In my notebook i'm producing factors within a pipeline.

Is it possible for me to add a column to the output so that I can see the number of "longs" and "shorts" signals for each day?

    # Create pipeline  
    return Pipeline(  
        columns={  
            'number of shorts': len(shorts),  
            'number of longs': len(longs),  
        },  
        screen=long_short_screen  
    )  
#    return pipe


result = run_pipeline(make_pipeline(), '2018-10-26', '2018-10-26')  
print len(result)


result.head(len(result))

When I try the above code i get the following error:

TypeError: object of type 'NumExprFilter' has no len()

Thanks in advance :-)

4 responses

Ben

Oct 27, 2018

Could this be achieved using a custom factor and removing the parameter axis=0? Need some guidance please! (I would normally write an SQL query using a "group by", so am sure it can be done).

Ben

Oct 27, 2018

From this interesting thread:
https://www.quantopian.com/posts/analyzing-pipeline-data-from-research-notebook-how-to-get-data-using-equity-object

was able to get the following code:

result_today= datetime.strptime('2018-09-25', '%Y-%m-%d')  
result.ix[result_today].count()

The only problem is it counts all the union of the Longs and Shorts (does not differentiate between True/False). Can somebody suggest how can adjust the above code to only count when "longs" or "shorts" are True?

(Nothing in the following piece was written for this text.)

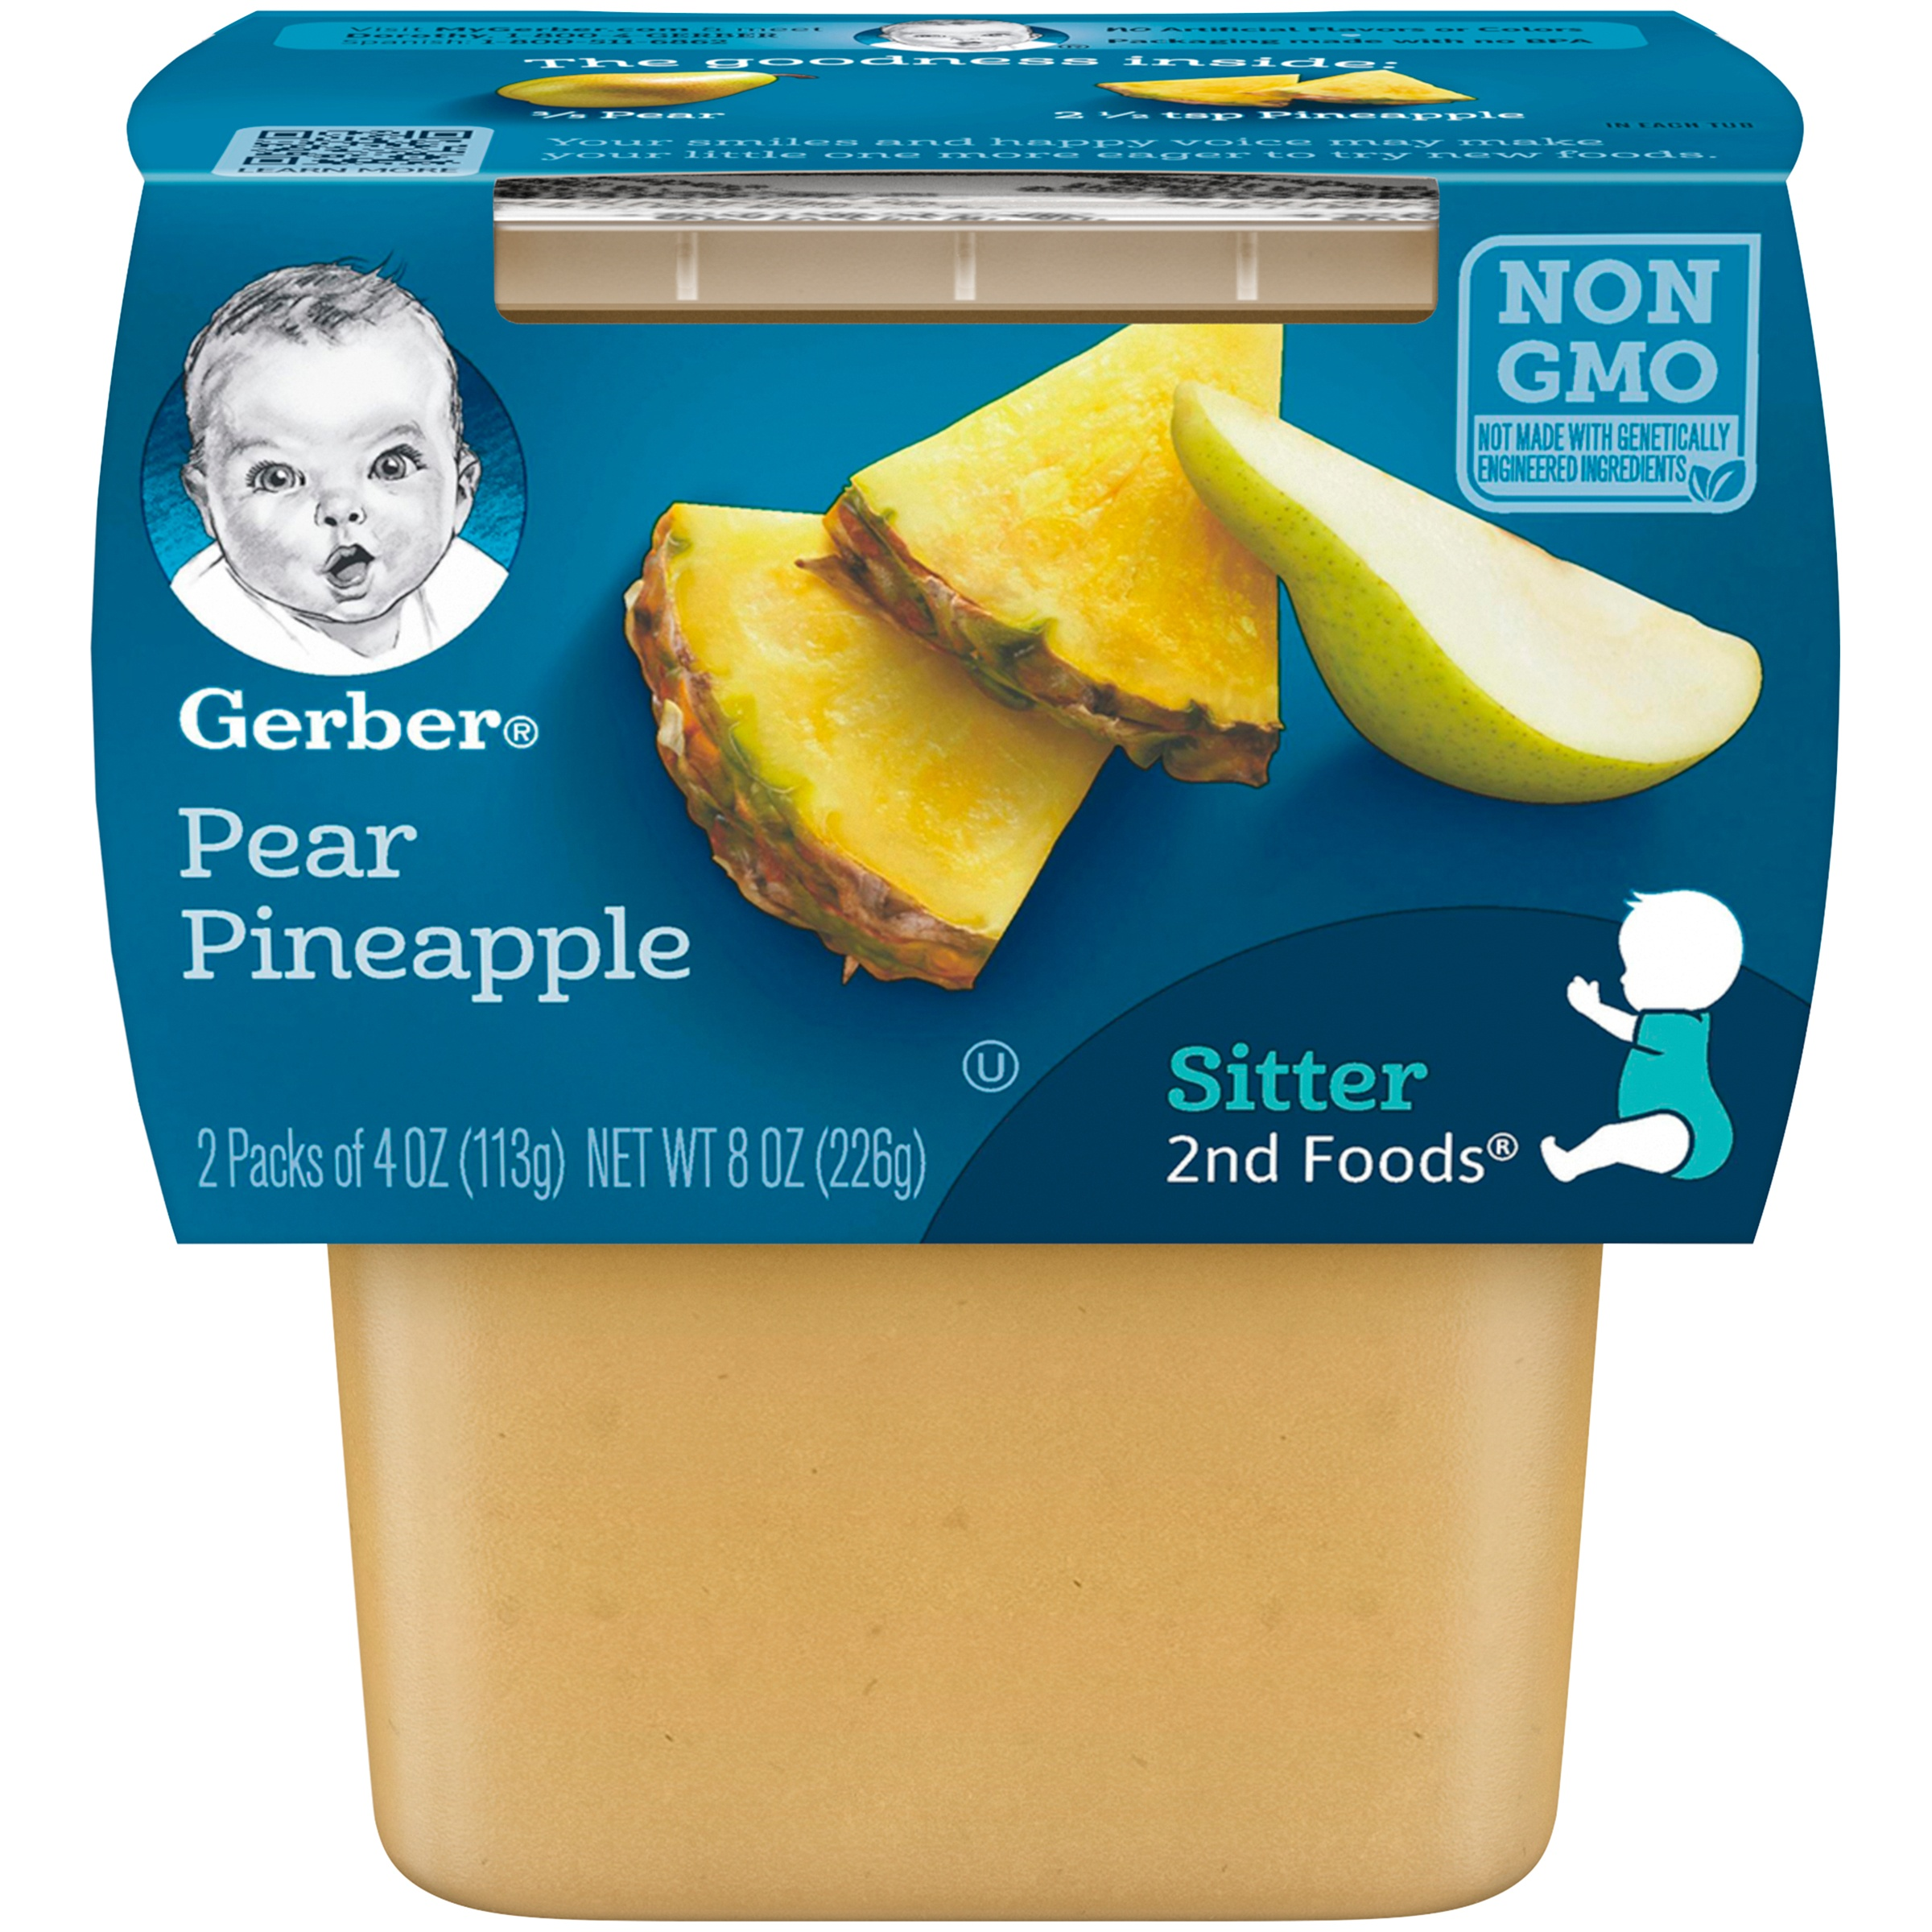 Gerber 2nd Foods Pear Pineapple Baby Food, 4 oz. Tubs, 2 Count (Pack of 8) by Gerber
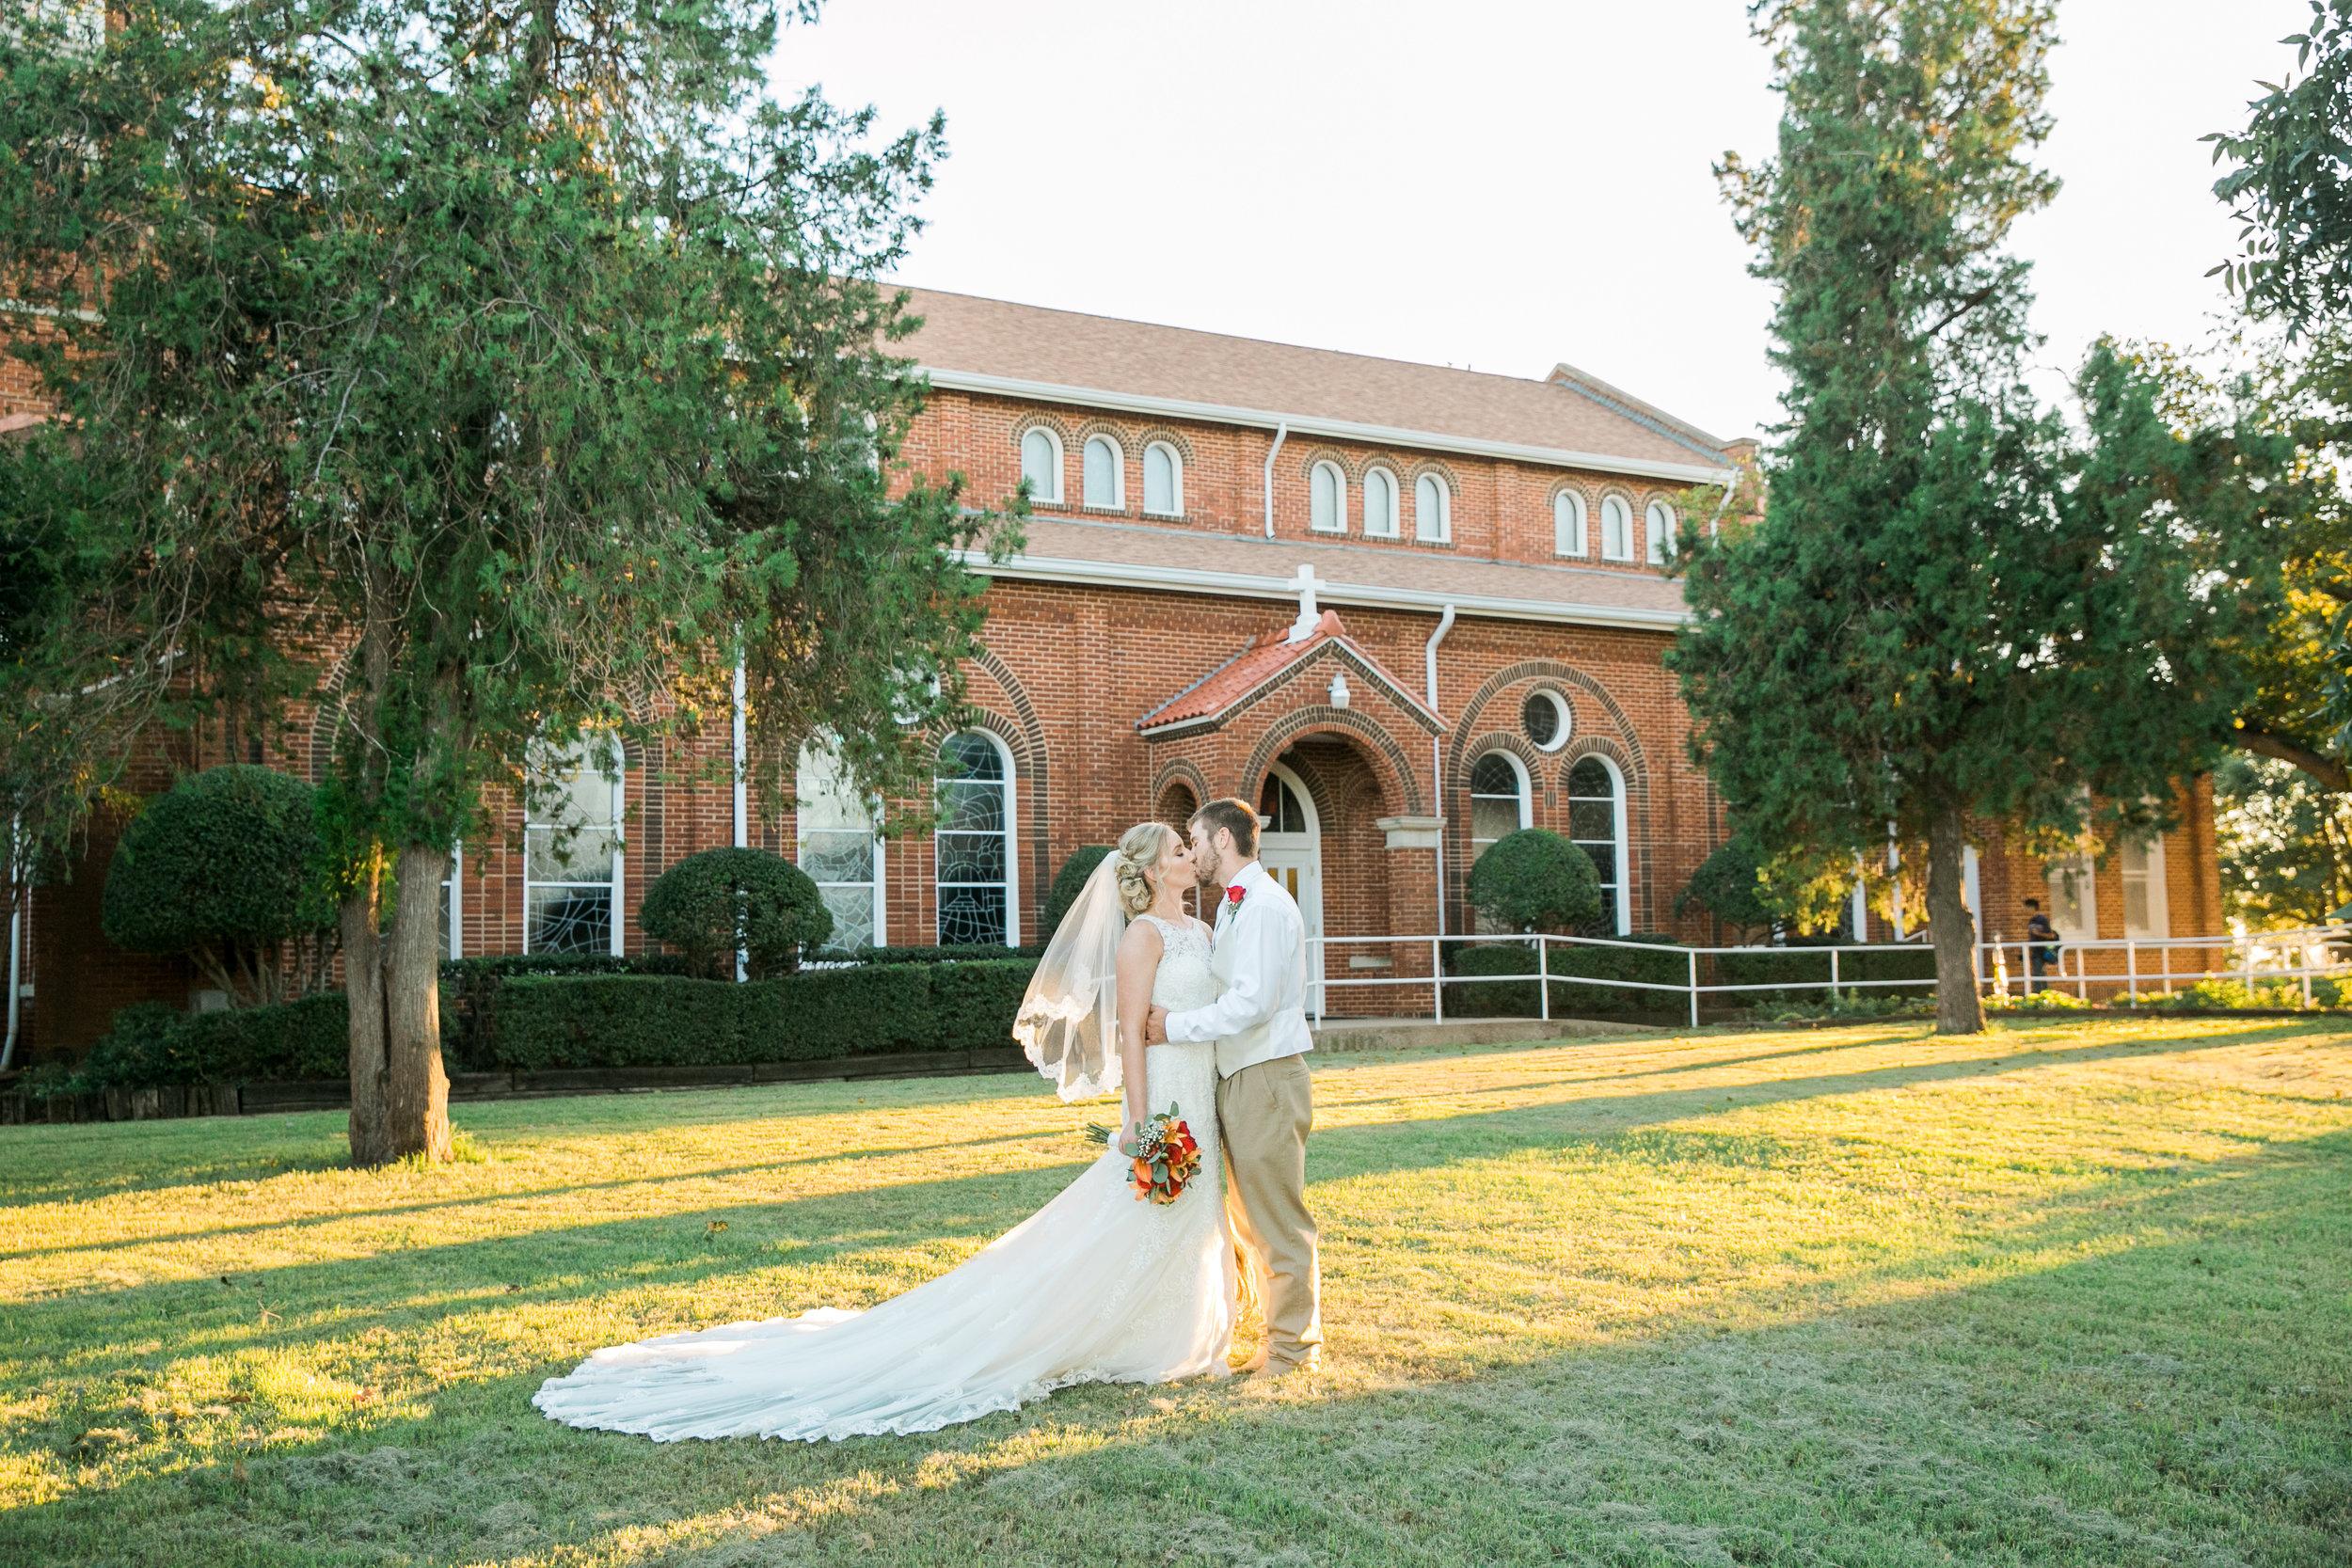 Bailey-Nathan-Windthorst-Texas-Wedding-048.jpg

Here is an attempt to count the "True":

print result_today.at[longs, 'True'].count()

I get an error message saying that "longs" is not recognised. The column is called "longs"

Hmmm...
@Dan Whitnable

Dan Whitnable

Oct 28, 2018

First off, it's probably more clear to do any overall pipeline calculations (eg counting the number of longs over the entire pipeline) once the pipeline dataframe is returned. I say this because the pipeline dataframe is structured as securities with values for each security. If one wanted to return the total longs (for example) inside the dataframe then one would have a column with this same total value returned for each security. Not wrong but not the original intention of the dataframe.

So, in both notebooks and the IDE, it's cleanest to do any overall pipeline calculations after the pipeline is returned. This is where you were heading in the above post.

Now, assuming we have a dataframe (called 'result') returned by the pipeline and it has columns called 'longs' and 'shorts', here is one simple method to get the totals by day

totals_by_day = result.groupby(level=0).sum()

See the explanation in the attached notebook. There are also some other methods shown which one may have a preference for.

Hope that answers your question. Good luck.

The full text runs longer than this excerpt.